==== Dataset extract
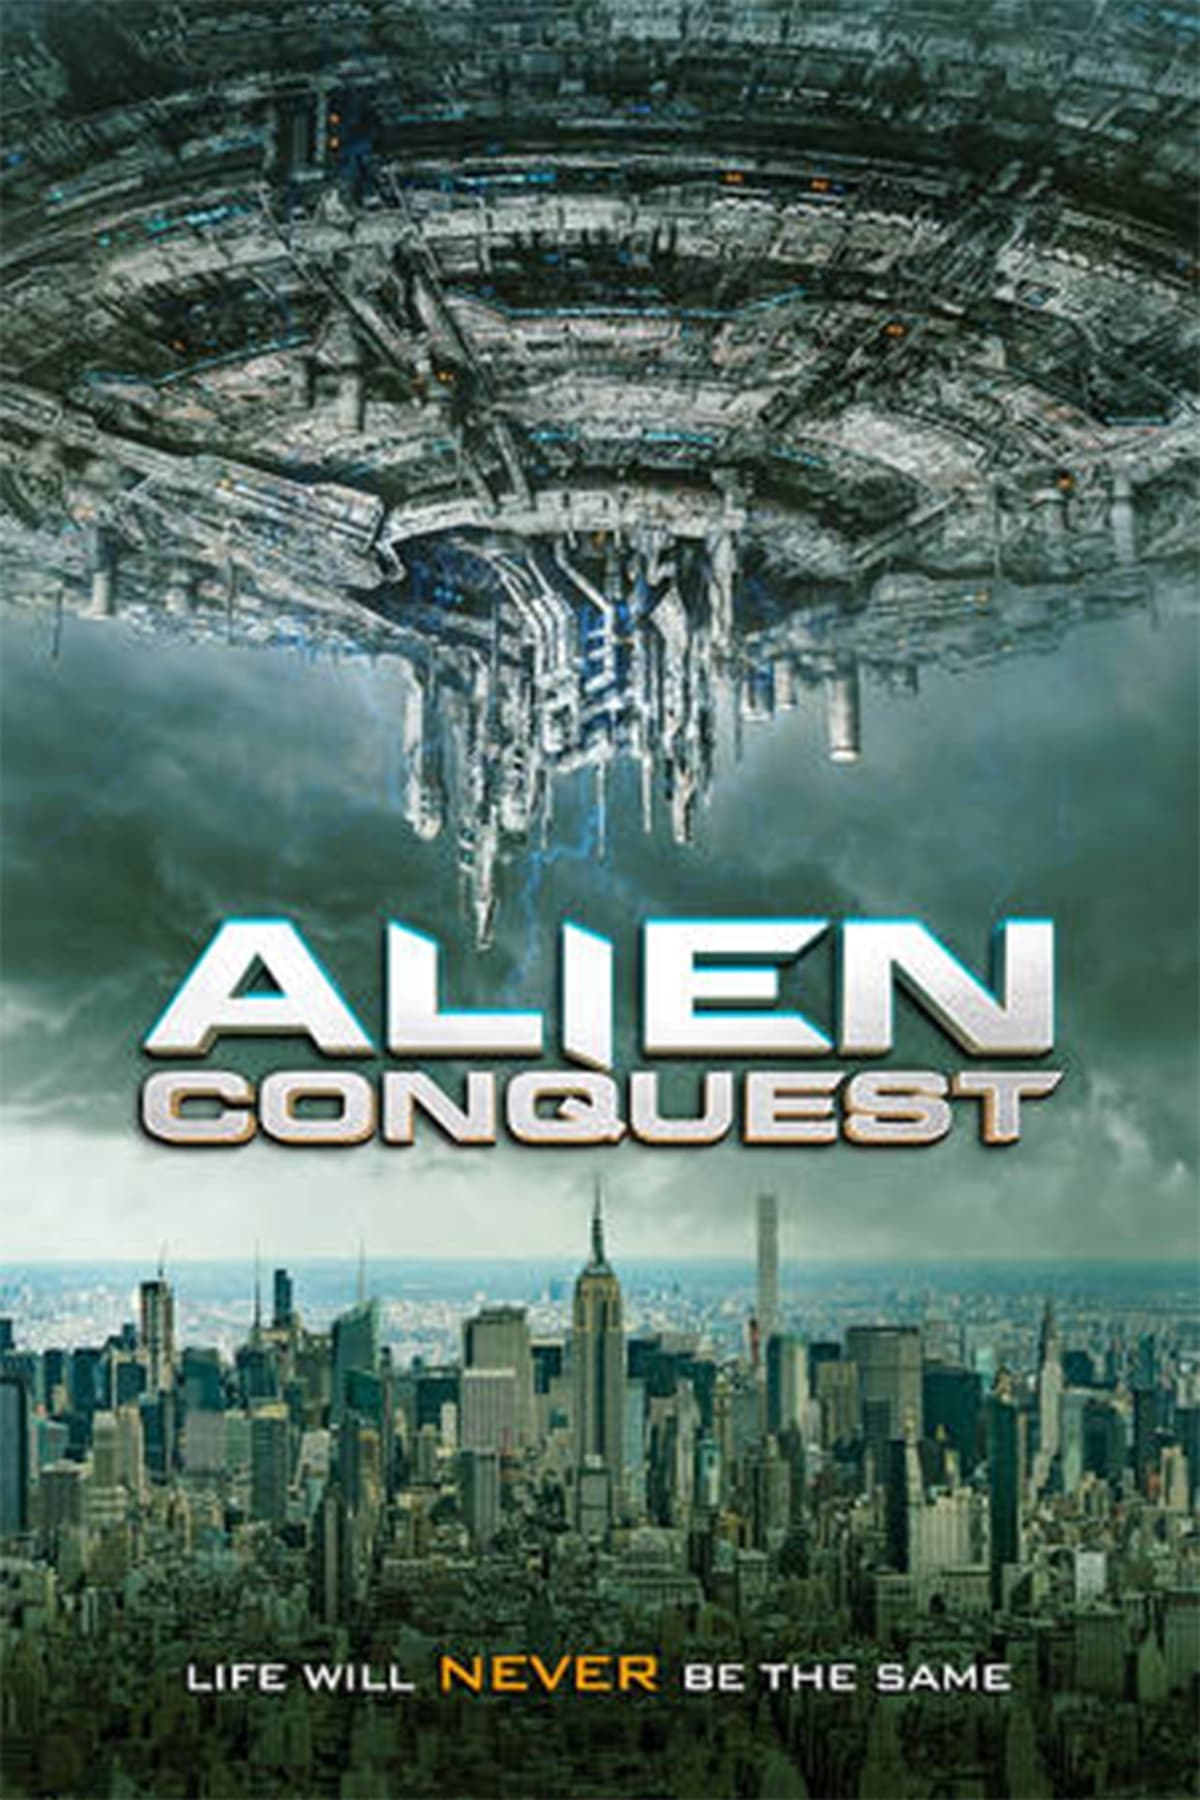 Alien Conquest film
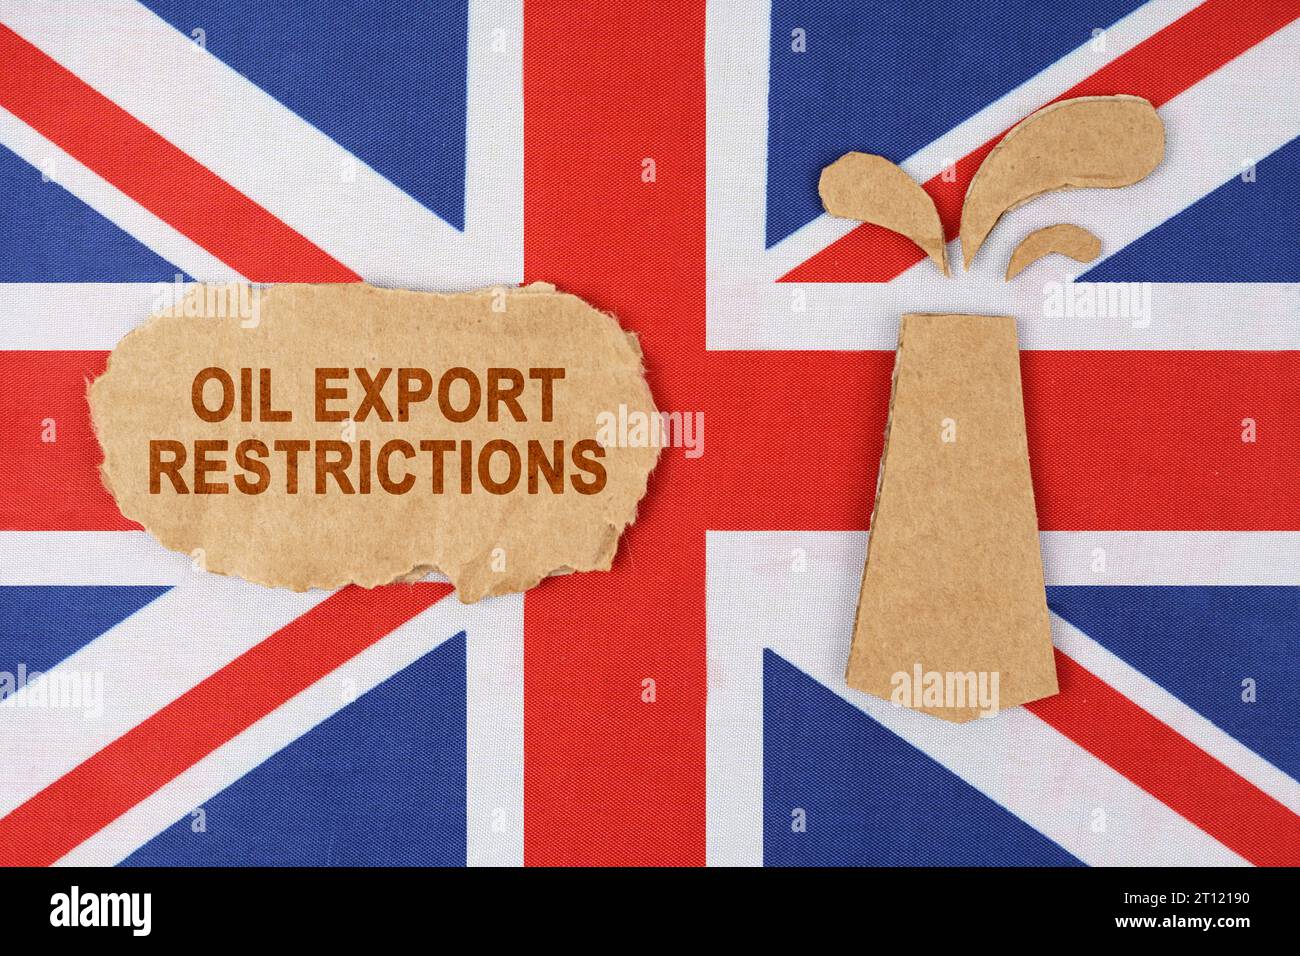 Sulla bandiera della Gran Bretagna c'è una piattaforma petrolifera tagliata di cartone e un cartello con l'iscrizione "restrizioni all'esportazione di petrolio". Foto Stock
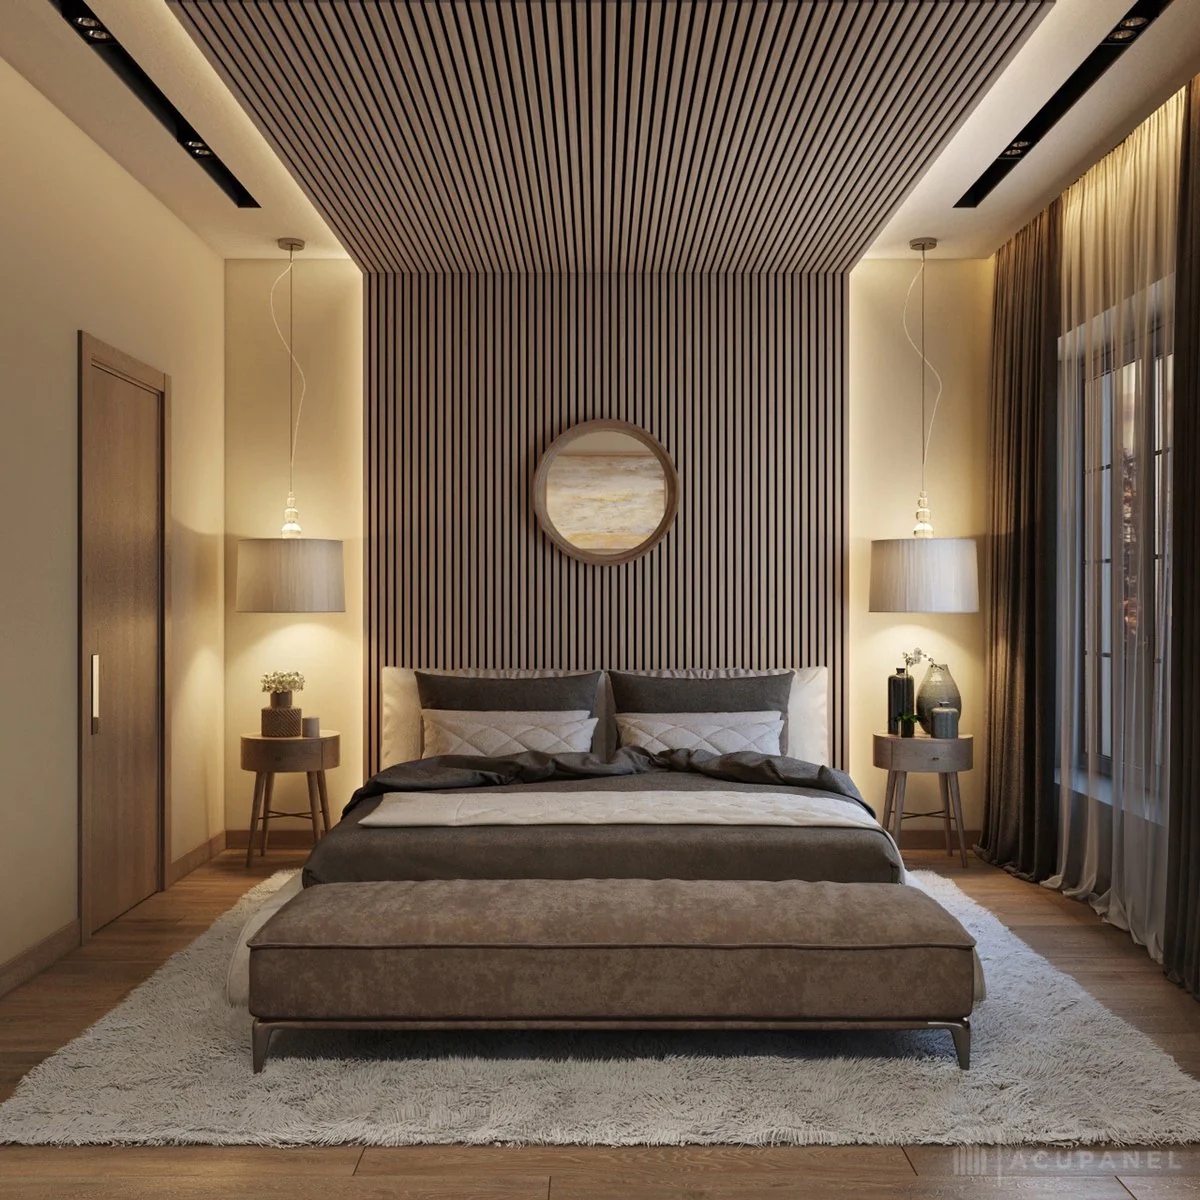 لوستر آویز مدرن در اتاق خواب با دیوارپوش چوبی مدرن
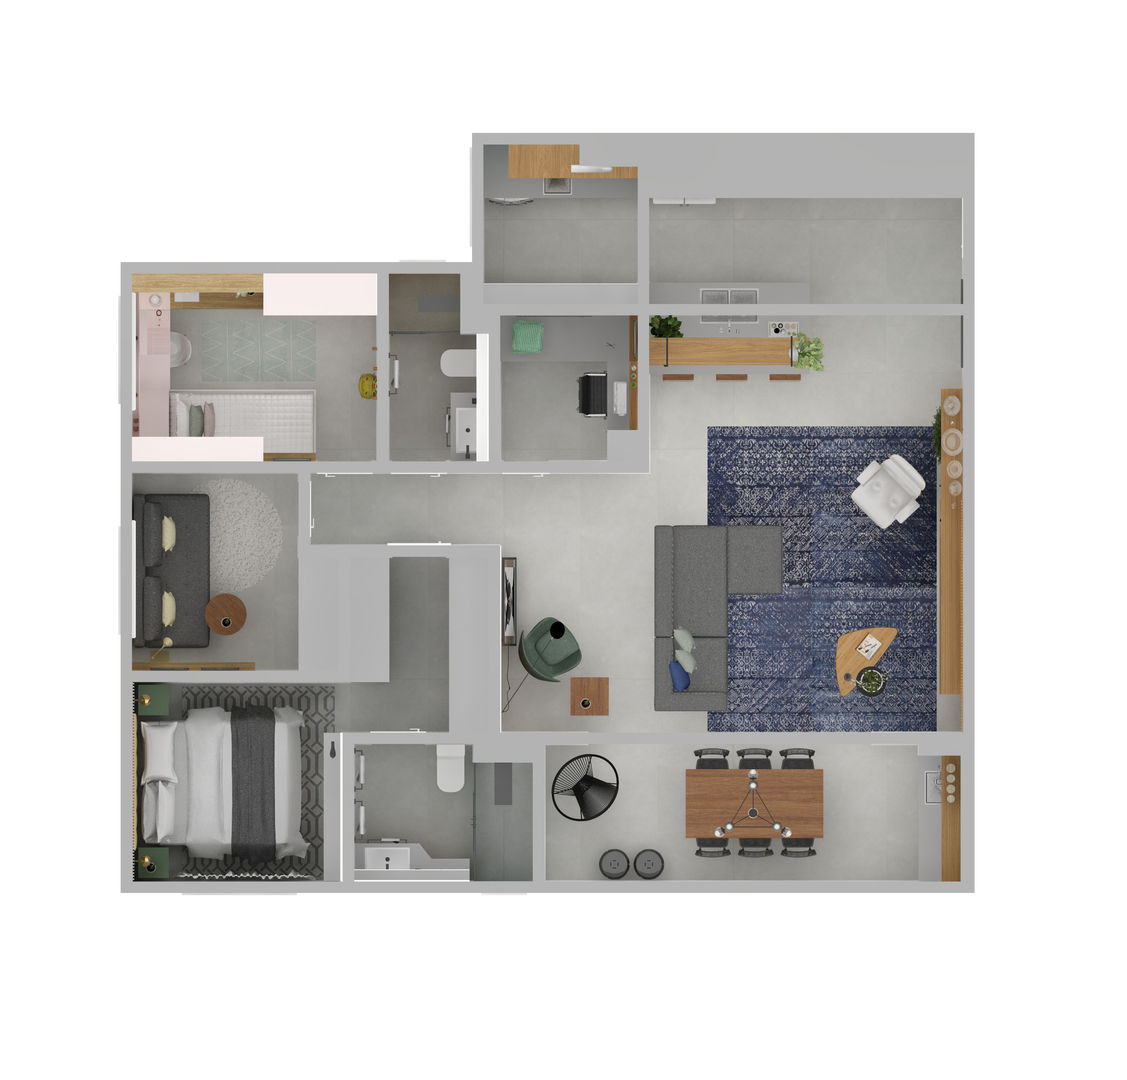 Integração Total - Varanda | Sala | Cozinha | Lavanderia, ArquitetureSe - Projetos de Arquitetura e Interiores à distância ArquitetureSe - Projetos de Arquitetura e Interiores à distância Living room Concrete
========
Instructions to follow - Nothing but the lines from the line with "لوستر آویز مدرن" through the last line of the data above should be printed, exactly as written and without pictures.

Reply -
 لوستر آویز مدرن در اتاق خواب با دیوارپوش چوبی مدرن
 Integração Total - Varanda | Sala | Cozinha | Lavanderia, ArquitetureSe - Projetos de Arquitetura e Interiores à distância ArquitetureSe - Projetos de Arquitetura e Interiores à distância Living room Concrete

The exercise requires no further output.